◆ Provided material:
=== Section Start ===
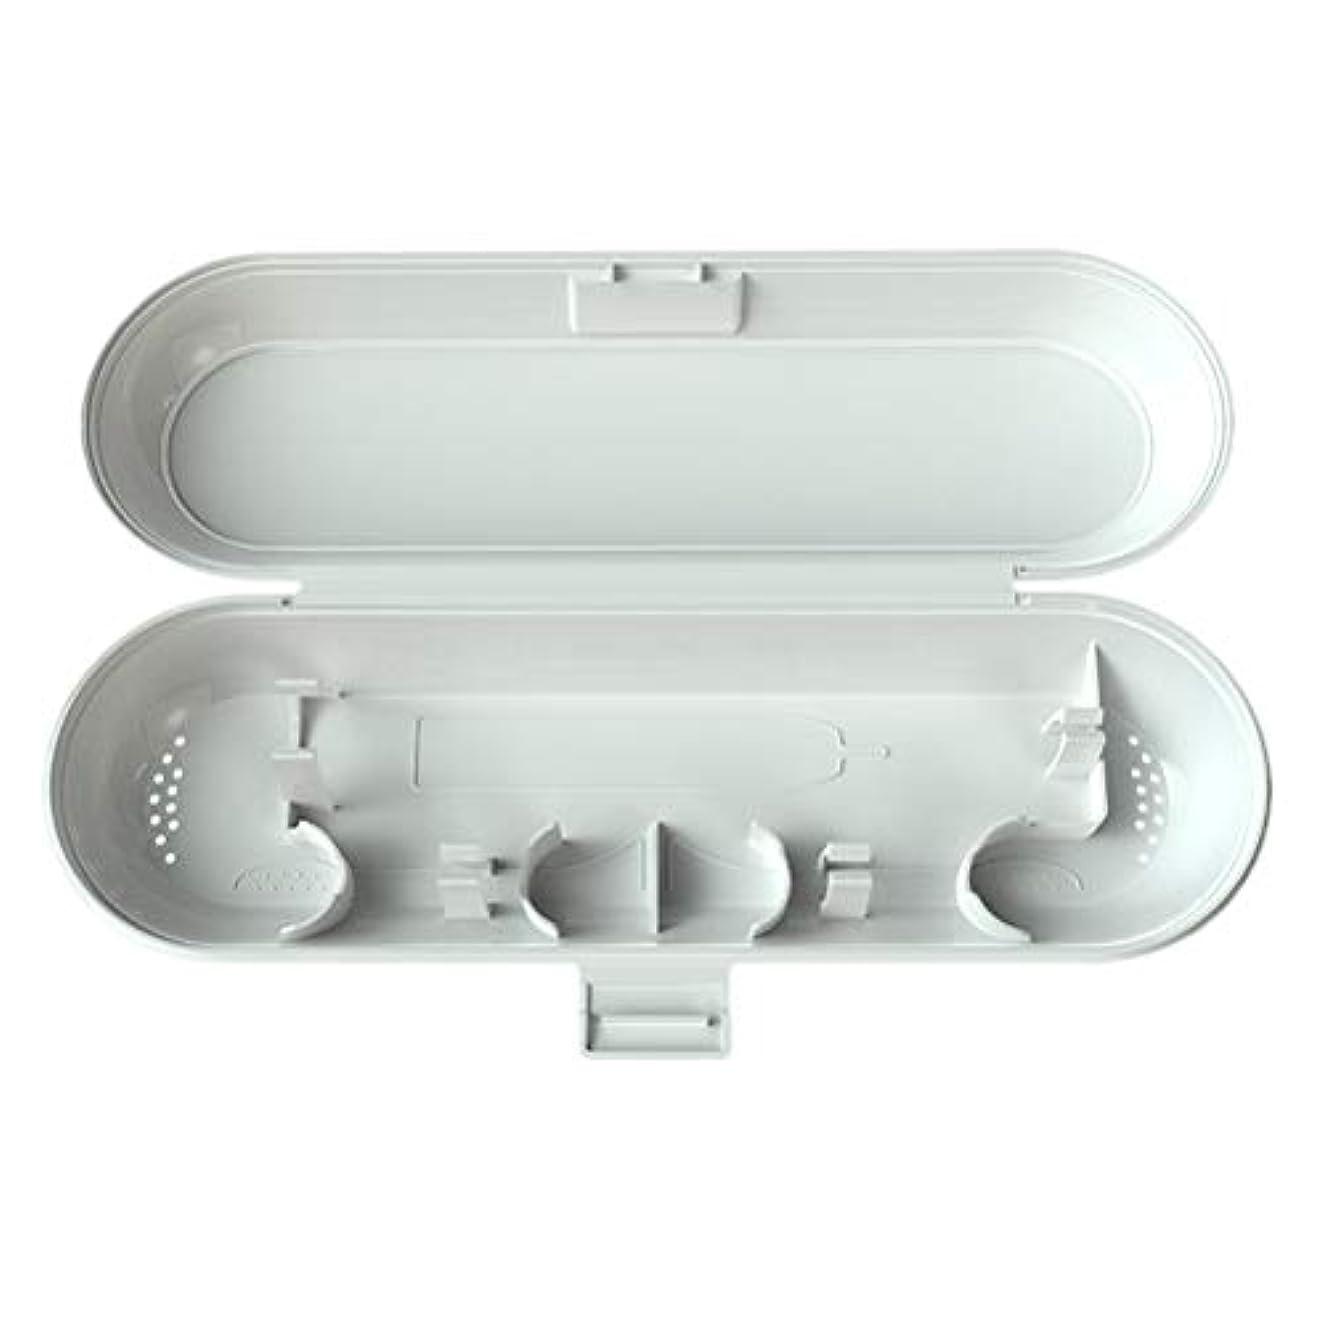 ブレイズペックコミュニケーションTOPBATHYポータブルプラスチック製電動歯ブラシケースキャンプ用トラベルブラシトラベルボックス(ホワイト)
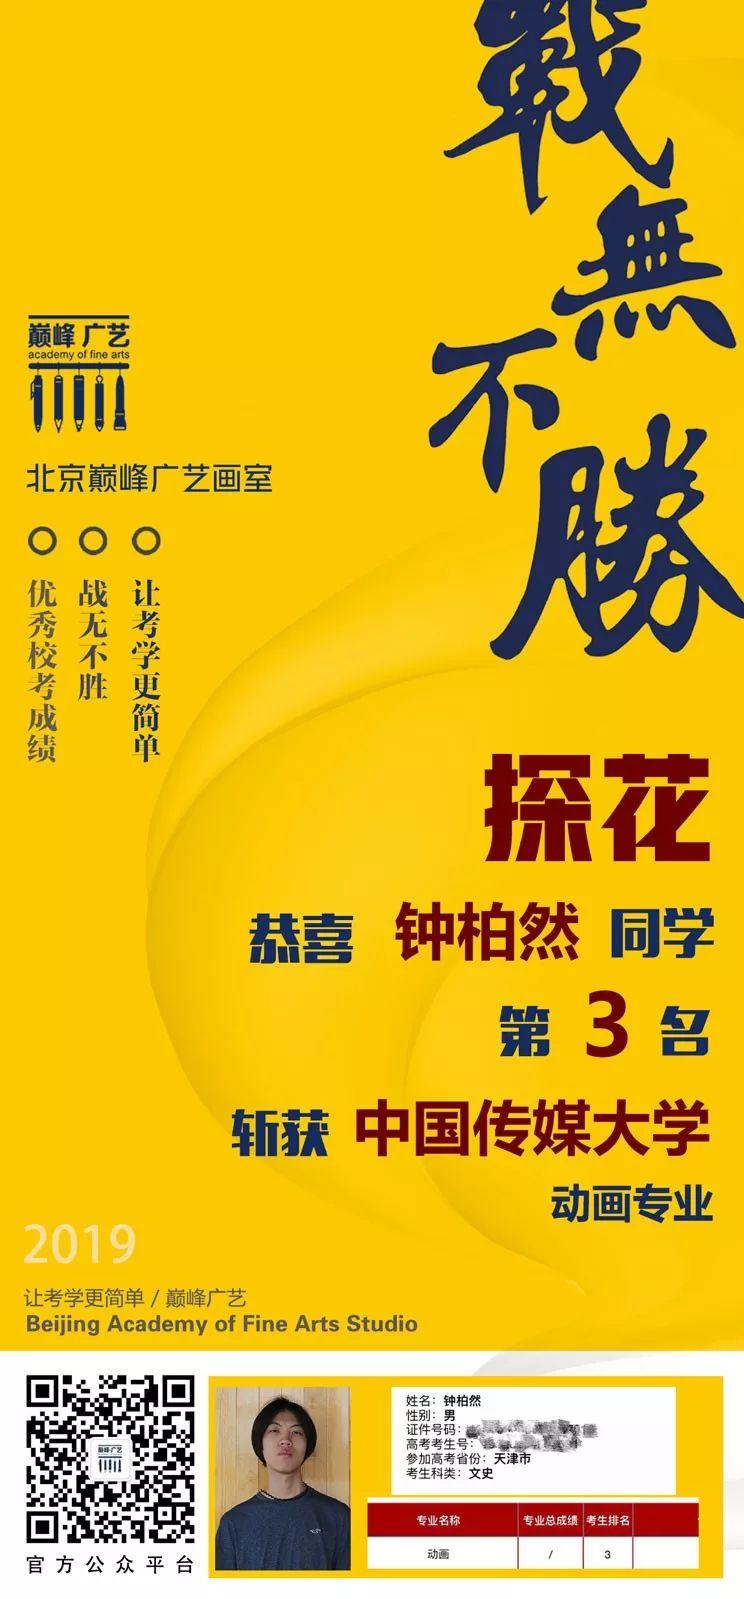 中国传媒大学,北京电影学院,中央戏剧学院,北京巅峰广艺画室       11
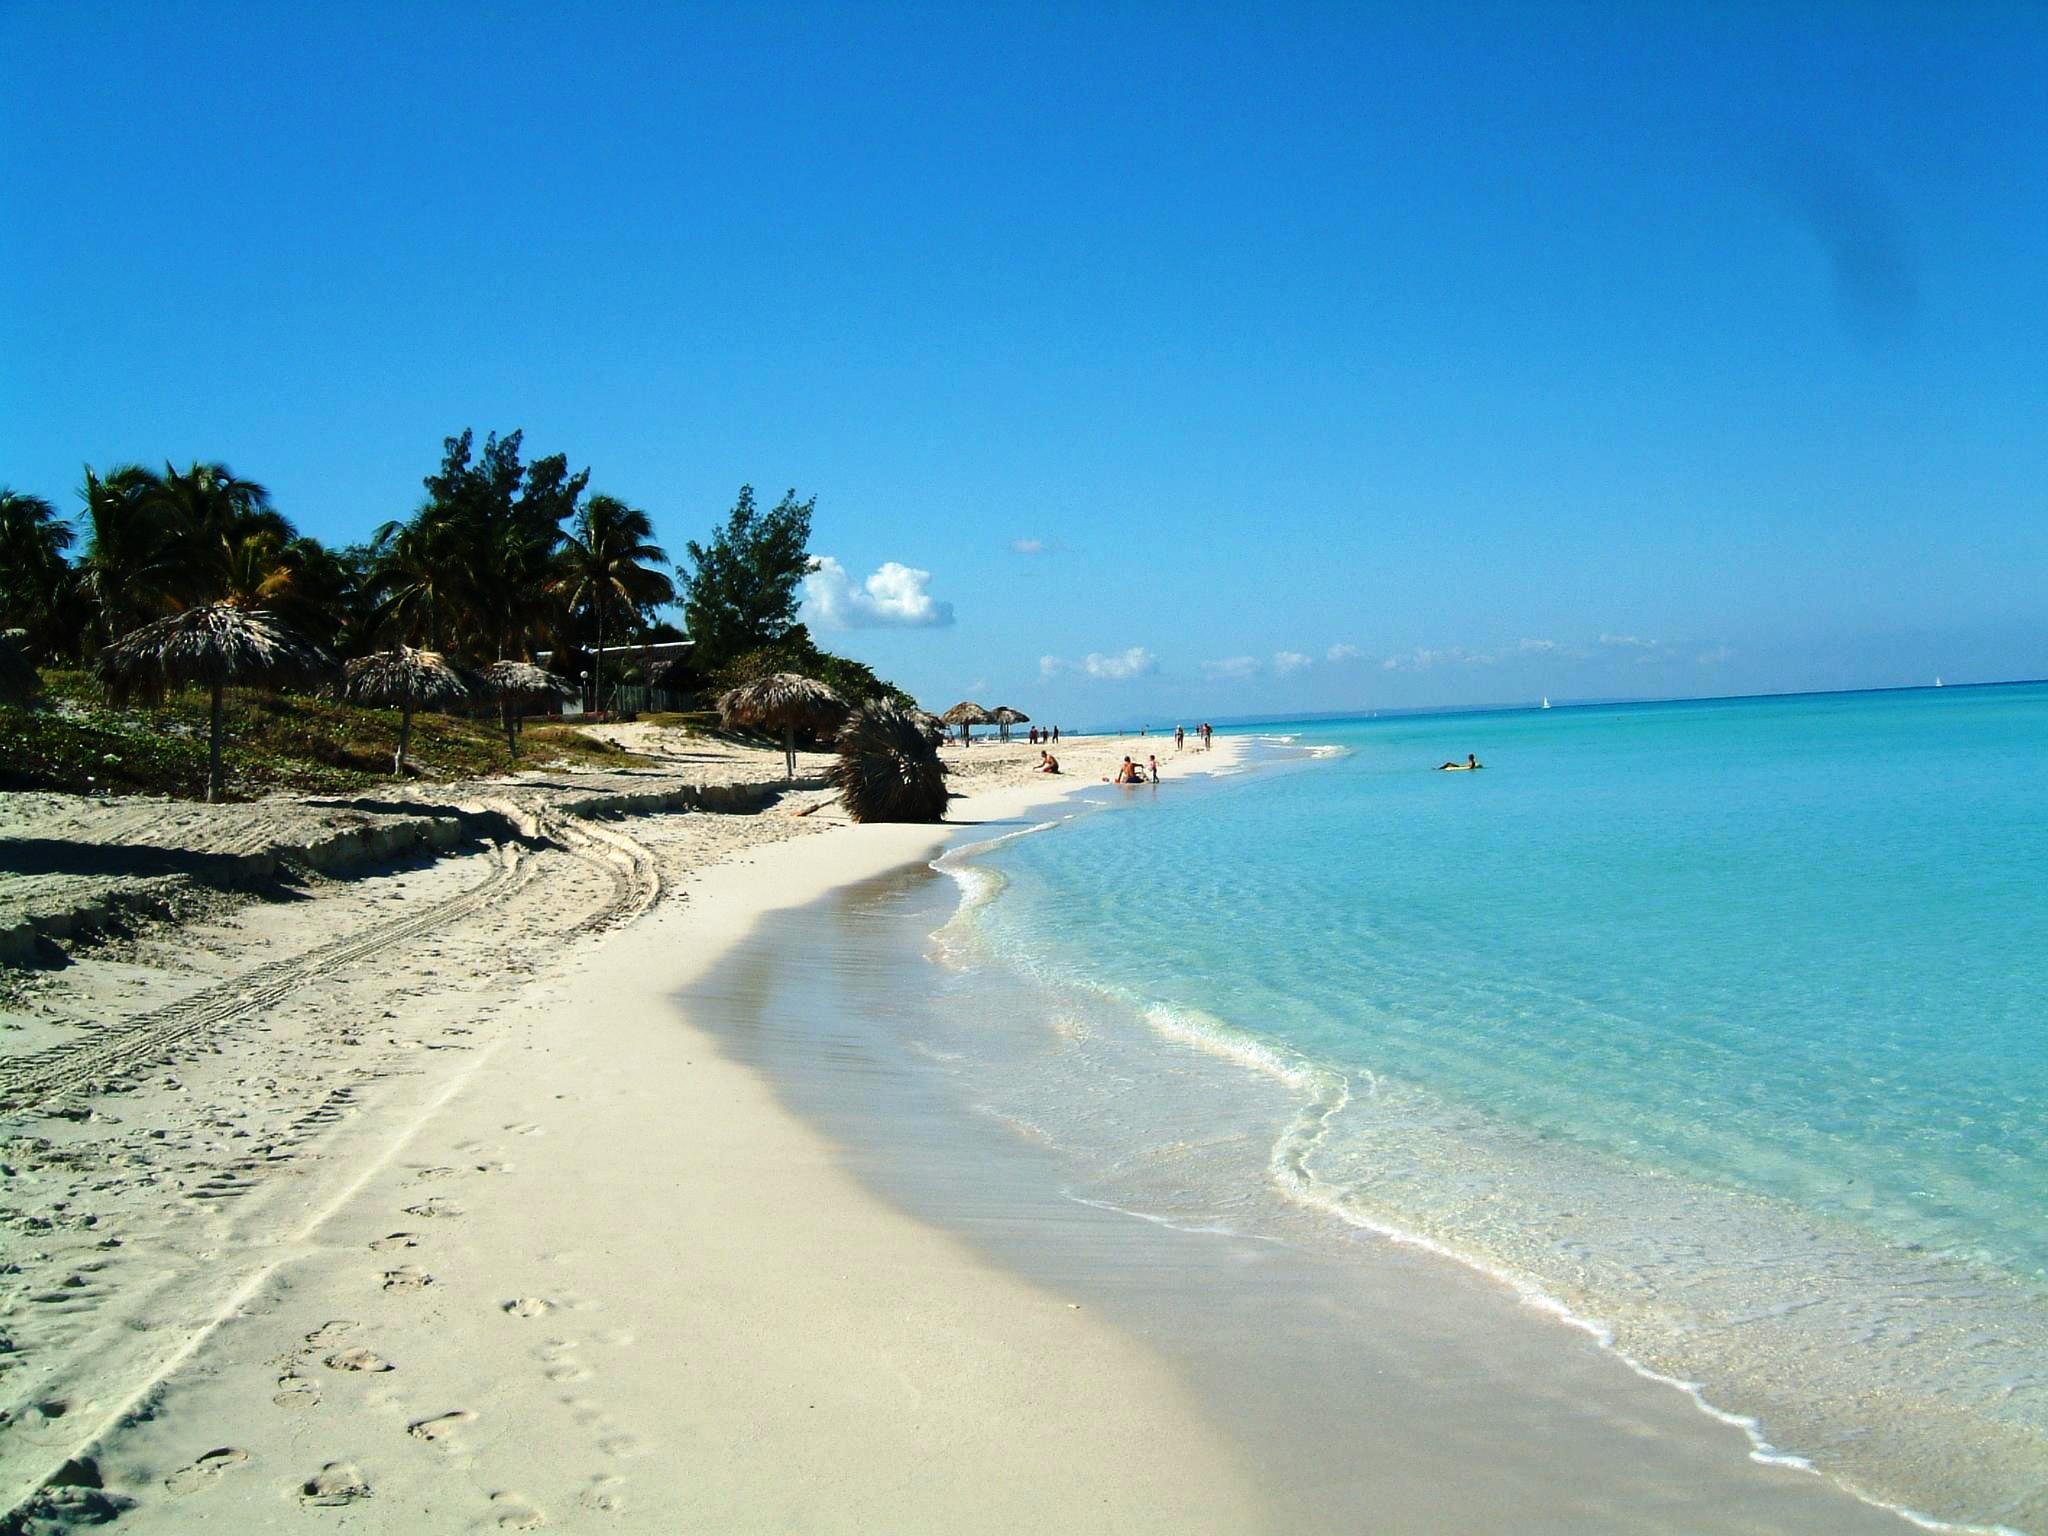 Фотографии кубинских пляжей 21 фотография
=== Section End ===
◆ Work required:
Restate the listing word for word, pictures excluded.

◆ Reply to the task:
 ブレイズペックコミュニケーションTOPBATHYポータブルプラスチック製電動歯ブラシケースキャンプ用トラベルブラシトラベルボックス(ホワイト)
 中国传媒大学,北京电影学院,中央戏剧学院,北京巅峰广艺画室       11
 Фотографии кубинских пляжей 21 фотография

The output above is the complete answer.